- Opening Delimiter -

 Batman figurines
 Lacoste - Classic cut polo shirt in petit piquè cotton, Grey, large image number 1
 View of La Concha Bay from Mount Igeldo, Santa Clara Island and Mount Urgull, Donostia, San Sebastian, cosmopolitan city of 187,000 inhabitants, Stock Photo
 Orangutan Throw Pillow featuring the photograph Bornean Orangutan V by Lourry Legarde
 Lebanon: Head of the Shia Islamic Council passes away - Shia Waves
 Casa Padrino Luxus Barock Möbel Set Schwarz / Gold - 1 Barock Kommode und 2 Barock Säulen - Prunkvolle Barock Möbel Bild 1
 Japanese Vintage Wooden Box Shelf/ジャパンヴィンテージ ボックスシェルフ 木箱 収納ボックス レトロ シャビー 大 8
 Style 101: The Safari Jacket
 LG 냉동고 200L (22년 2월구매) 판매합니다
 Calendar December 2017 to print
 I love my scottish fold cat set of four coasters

- Closing Delimiter -

• **Action item**
Return, exactly, the lines from the first line of the records above to the line containing "Lebanon: Head of", both included.

• **Solution**
 Batman figurines
 Lacoste - Classic cut polo shirt in petit piquè cotton, Grey, large image number 1
 View of La Concha Bay from Mount Igeldo, Santa Clara Island and Mount Urgull, Donostia, San Sebastian, cosmopolitan city of 187,000 inhabitants, Stock Photo
 Orangutan Throw Pillow featuring the photograph Bornean Orangutan V by Lourry Legarde
 Lebanon: Head of the Shia Islamic Council passes away - Shia Waves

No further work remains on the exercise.